• _PROBLEM TO WORK ON_
From the first line to the last, copy the material word for word; pictures stay out.

• _DATA BLOCK_
——————————

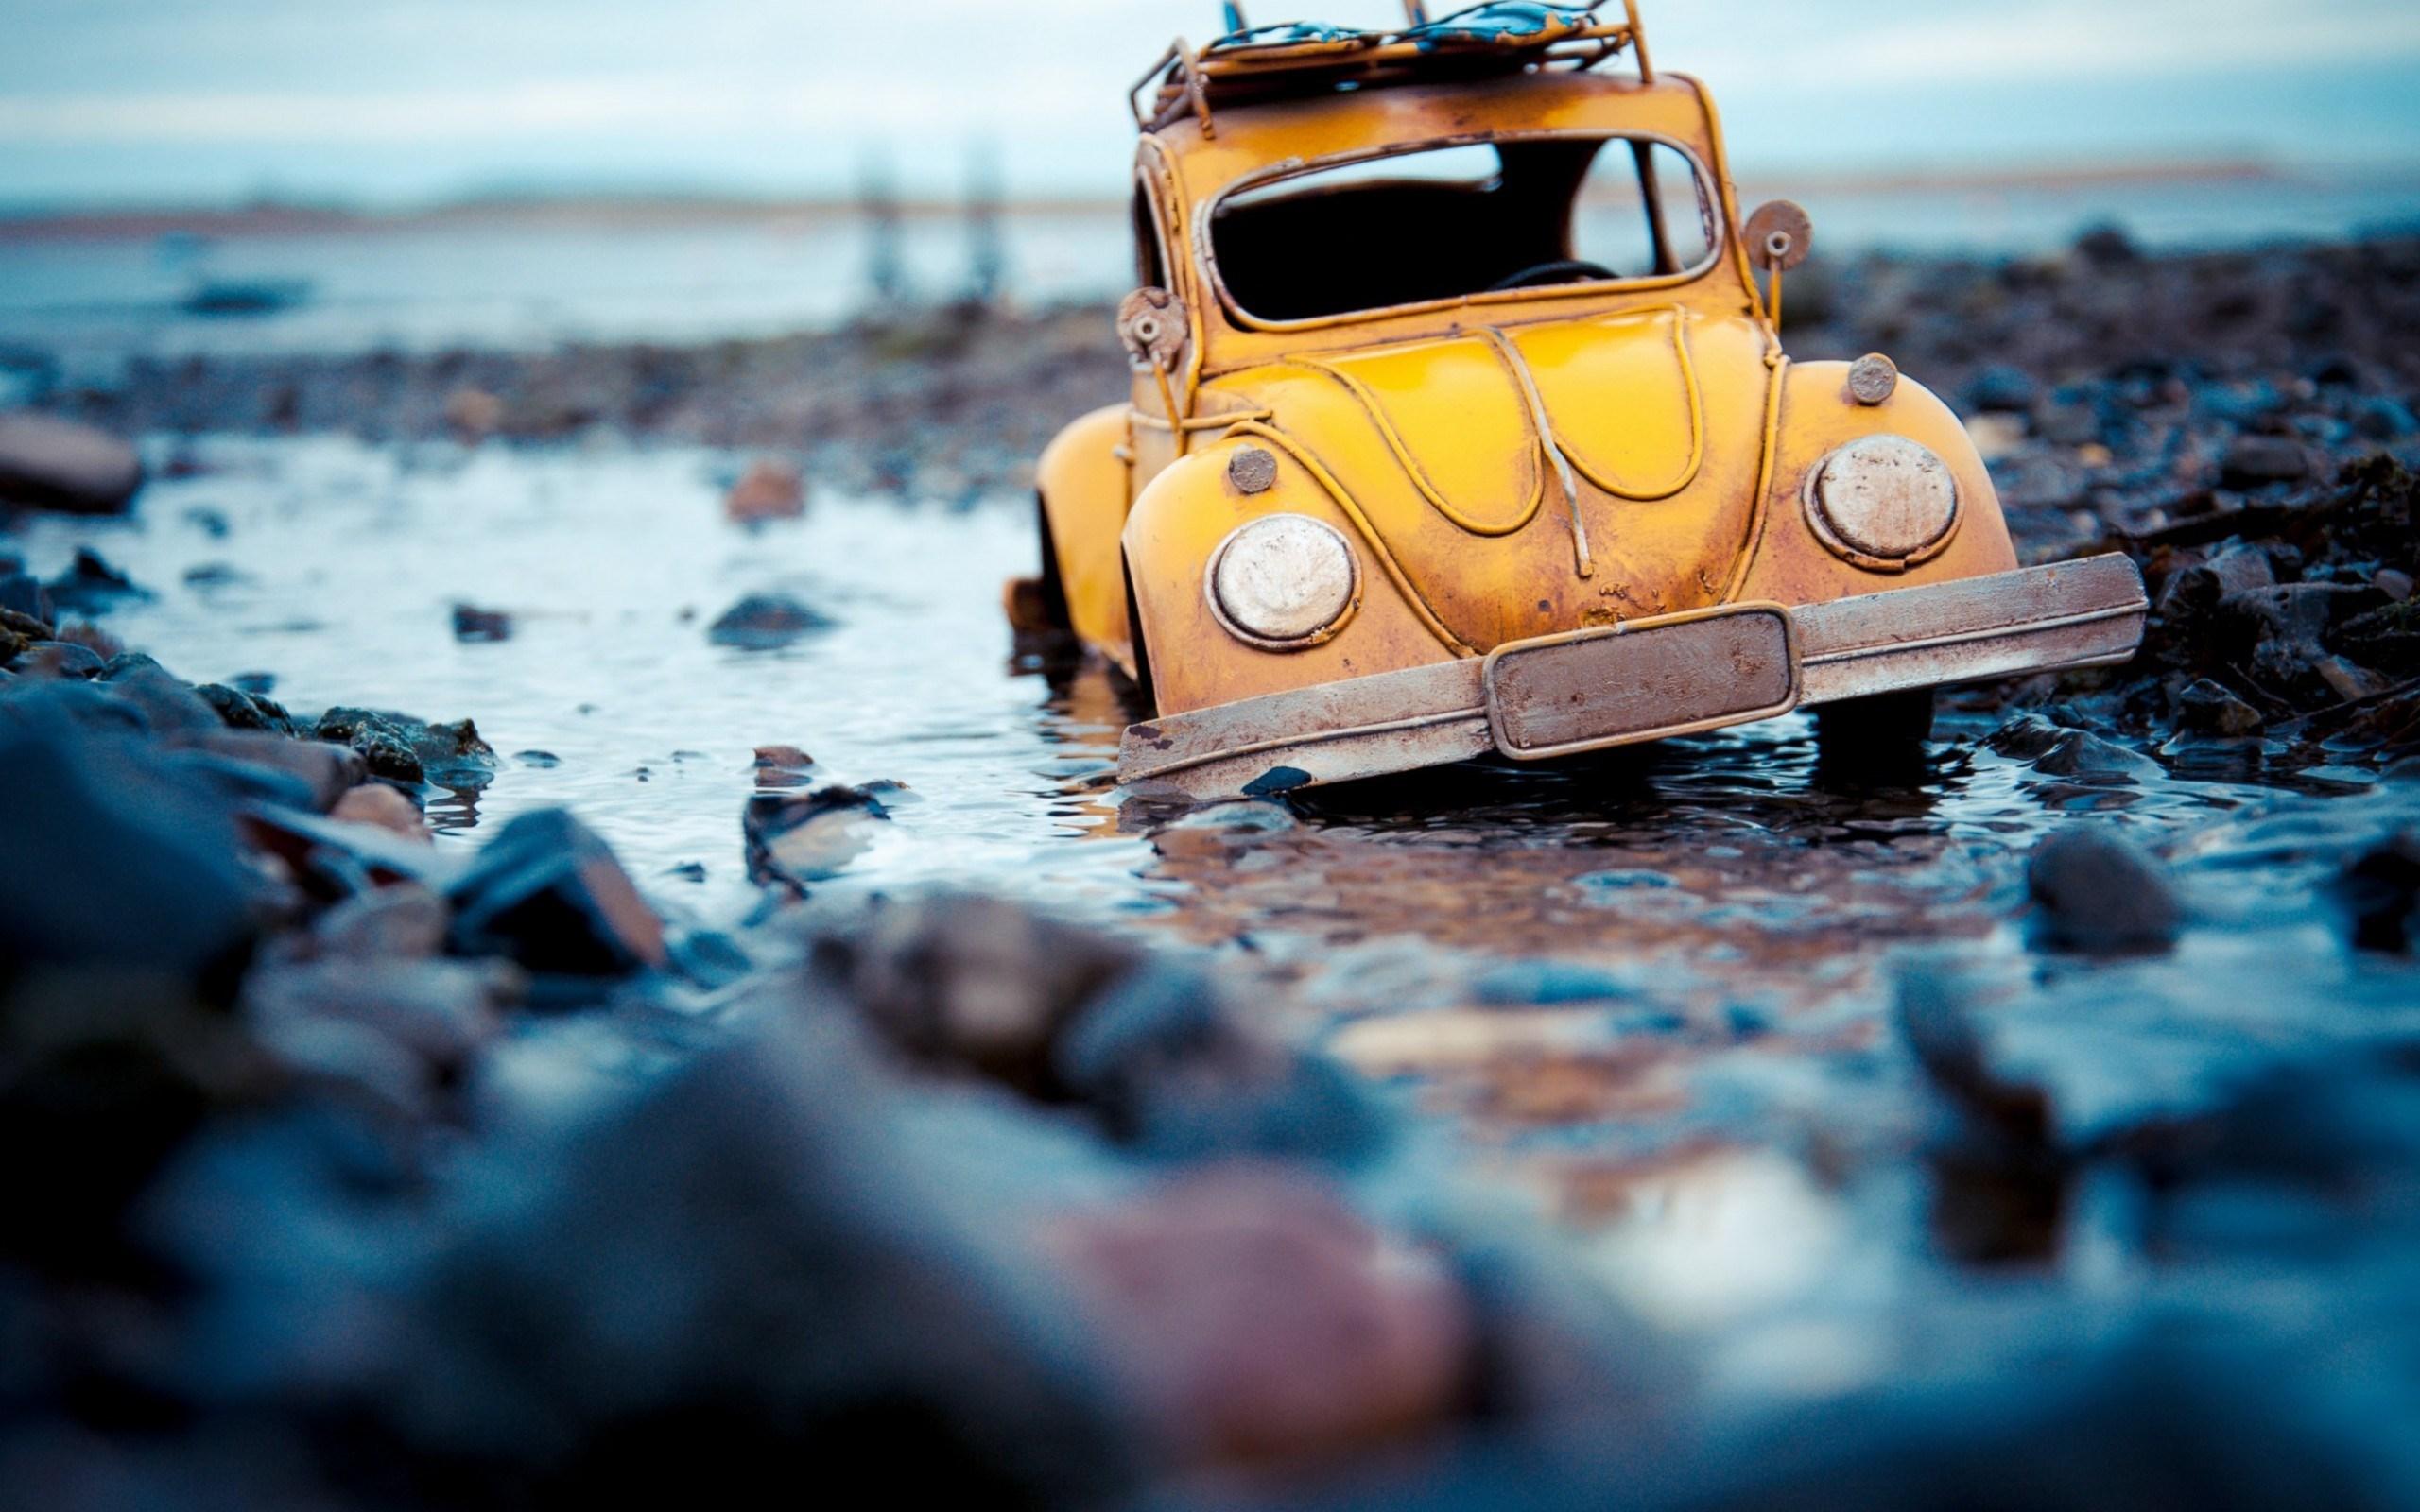 volkswagen beetle oyuncak su talar duygudurum HD duvar kad 2560x1600
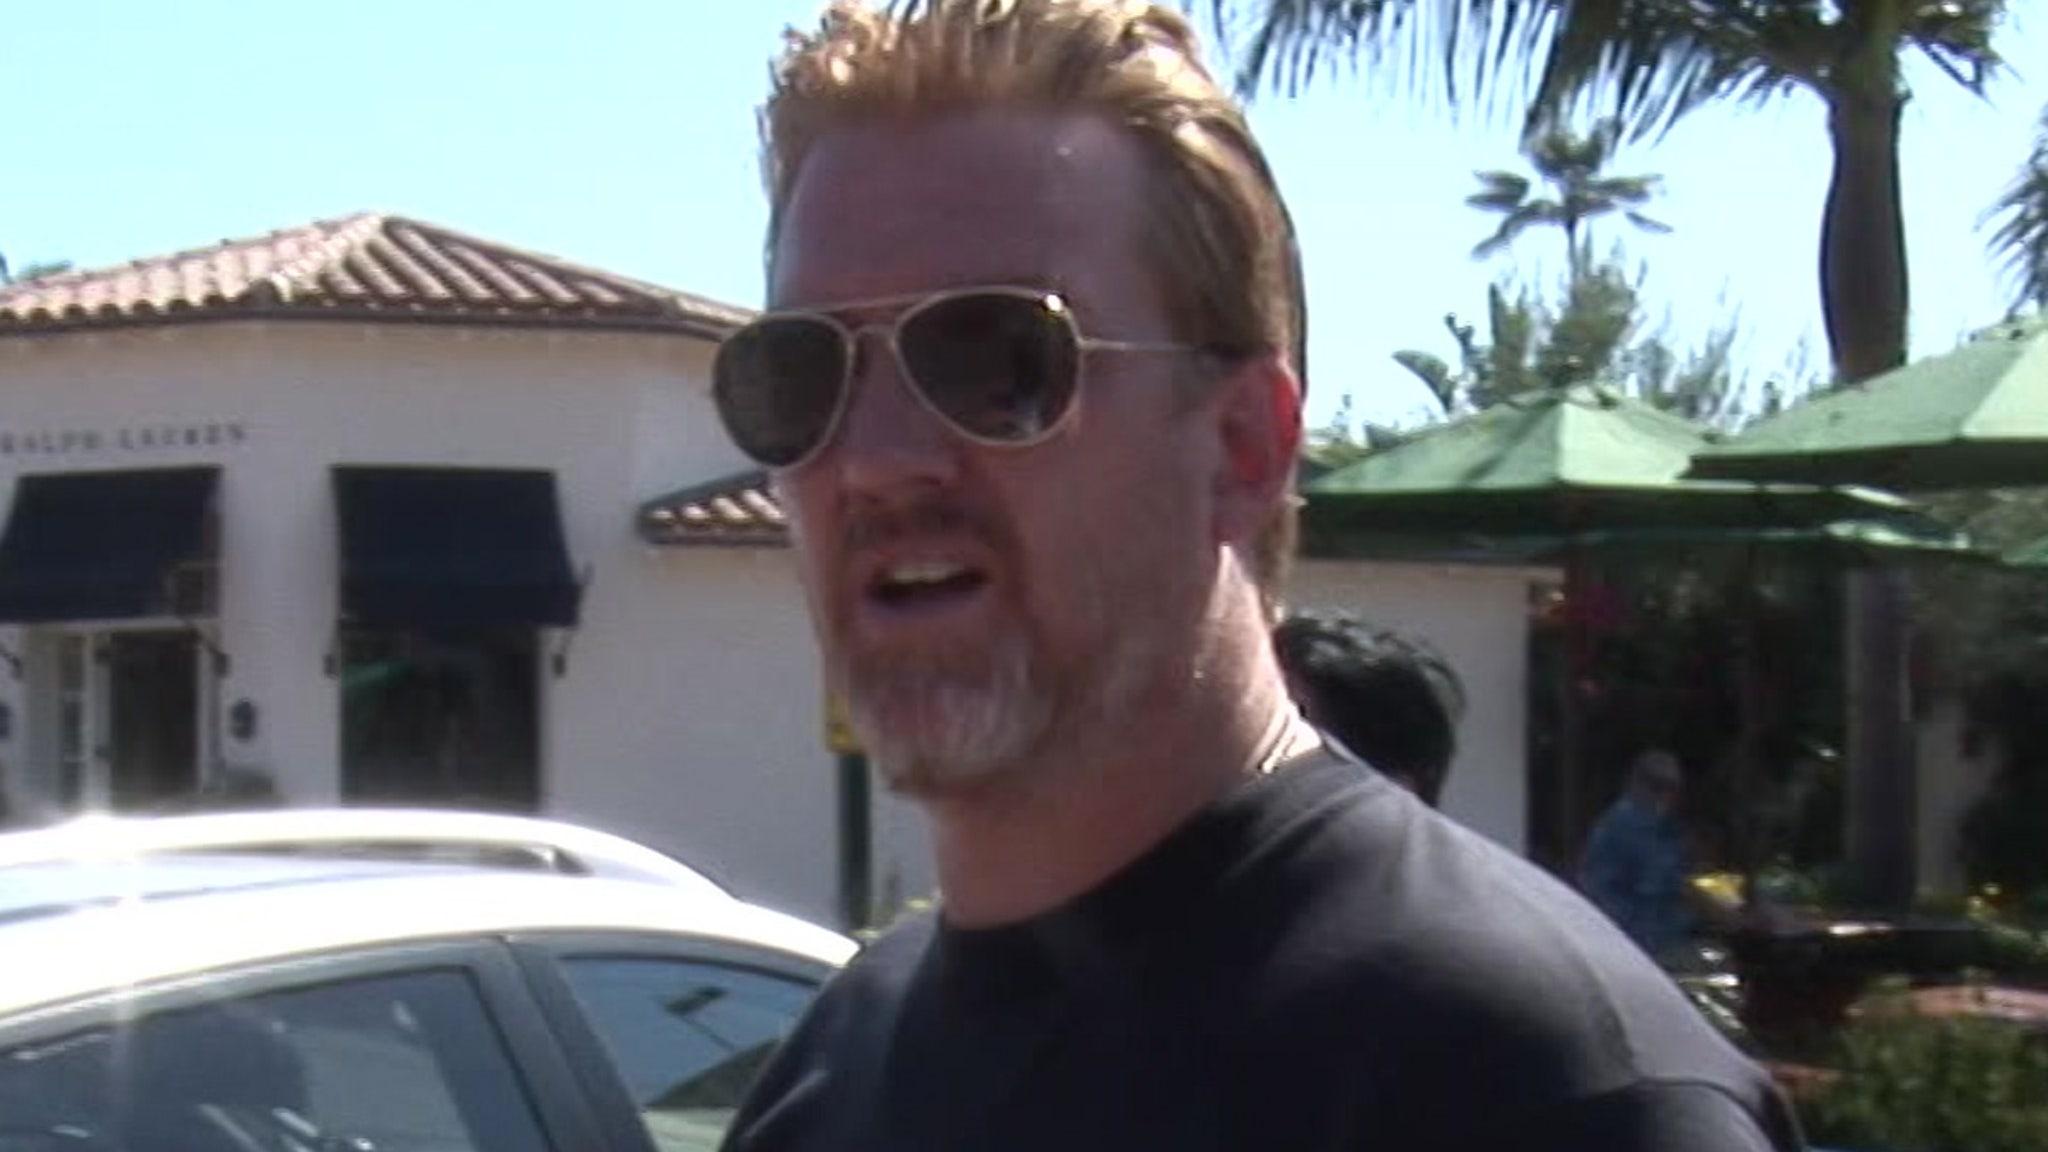 QOTSA Singer Josh Homme's Kids File for Restraining Order Against Him thumbnail
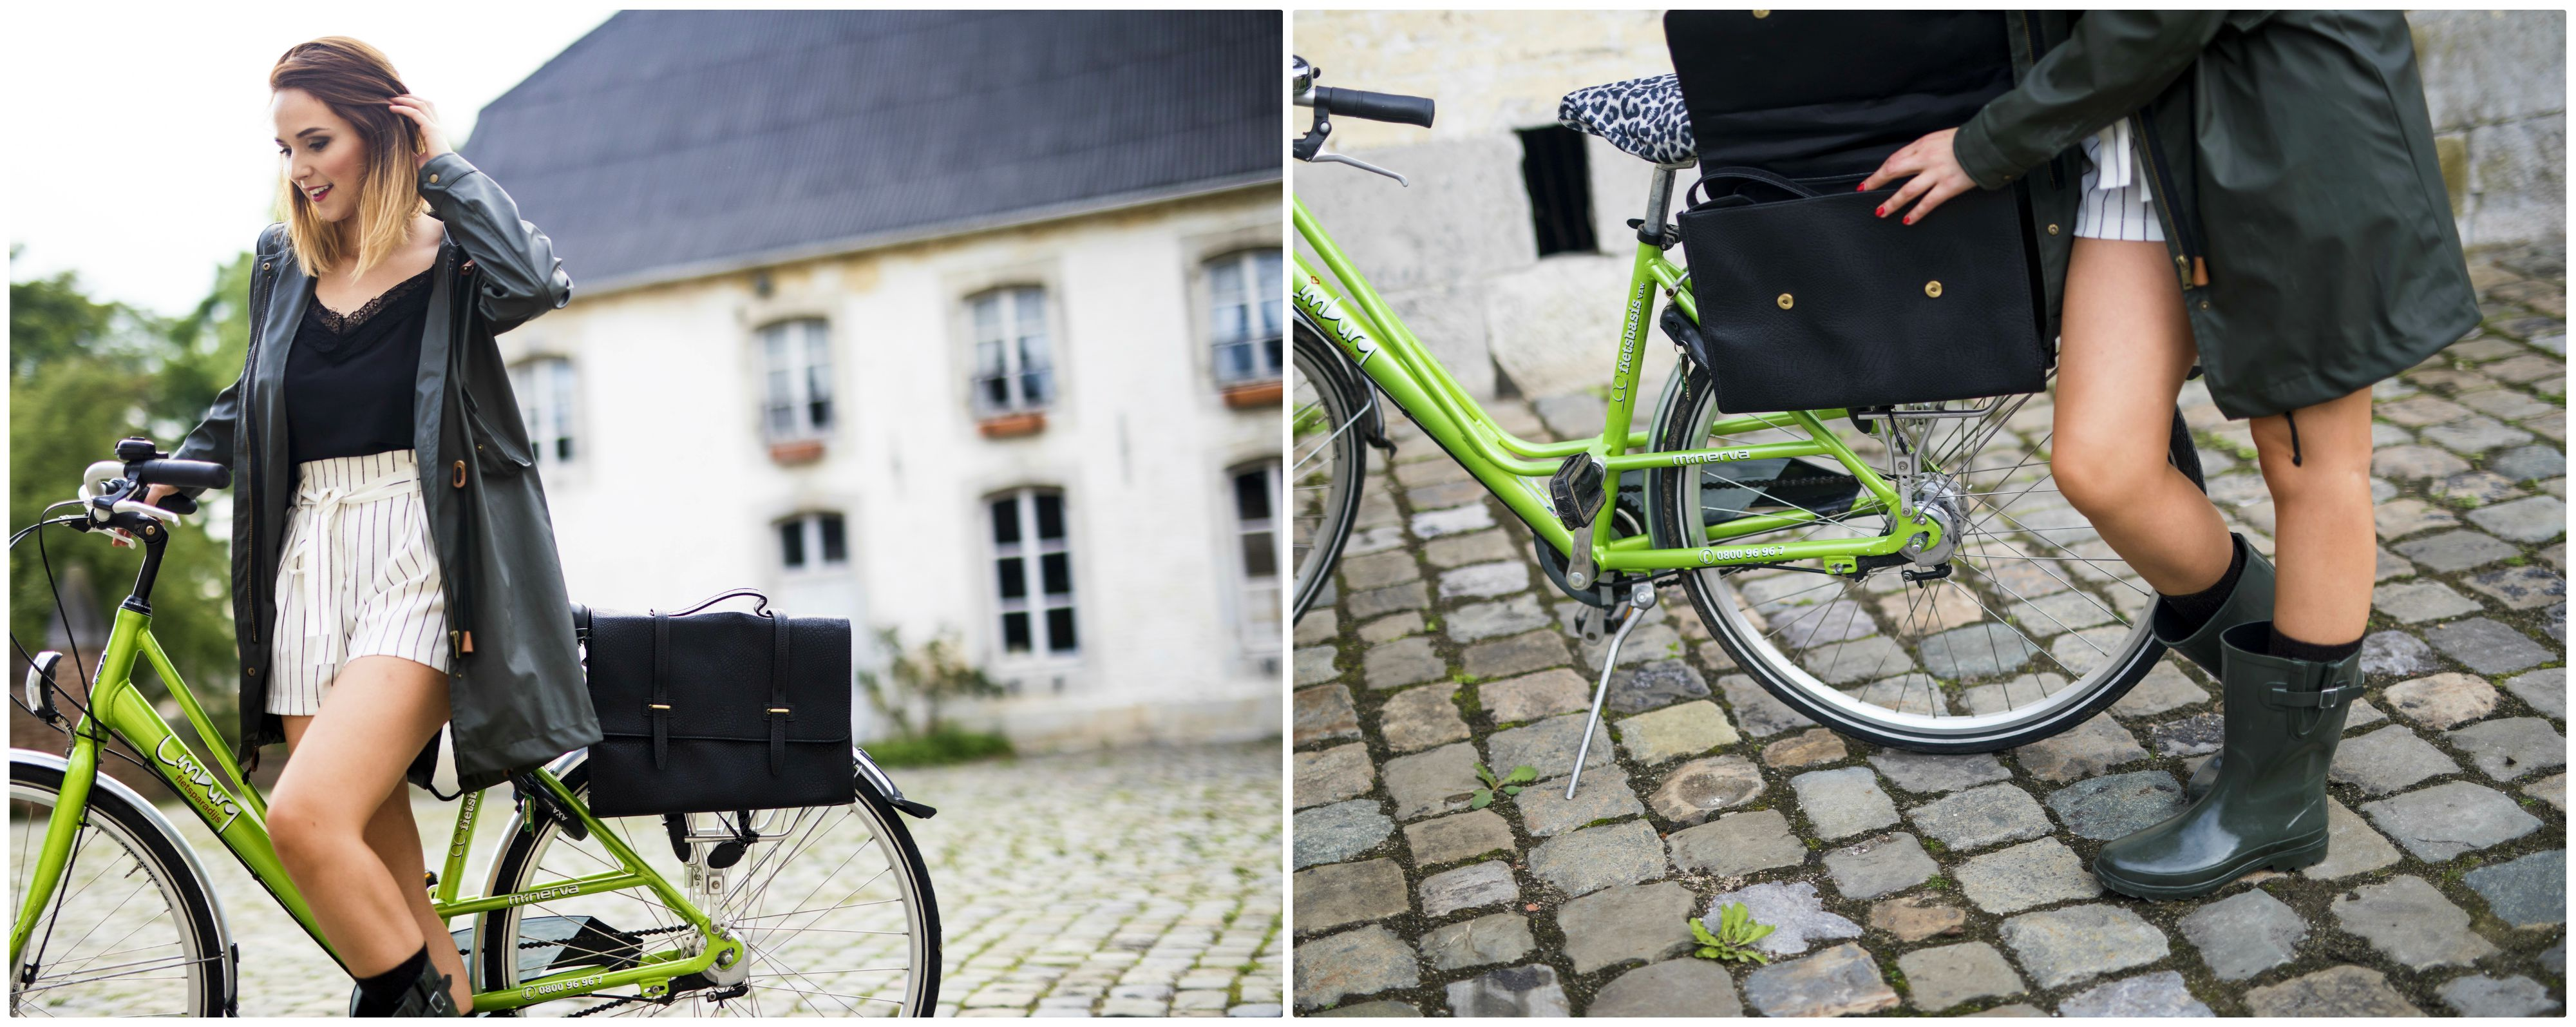 Veritas regen go out fiets collectie tas

——————————

• _OUTPUT_
 volkswagen beetle oyuncak su talar duygudurum HD duvar kad 2560x1600
 QOTSA Singer Josh Homme's Kids File for Restraining Order Against Him thumbnail
 Veritas regen go out fiets collectie tas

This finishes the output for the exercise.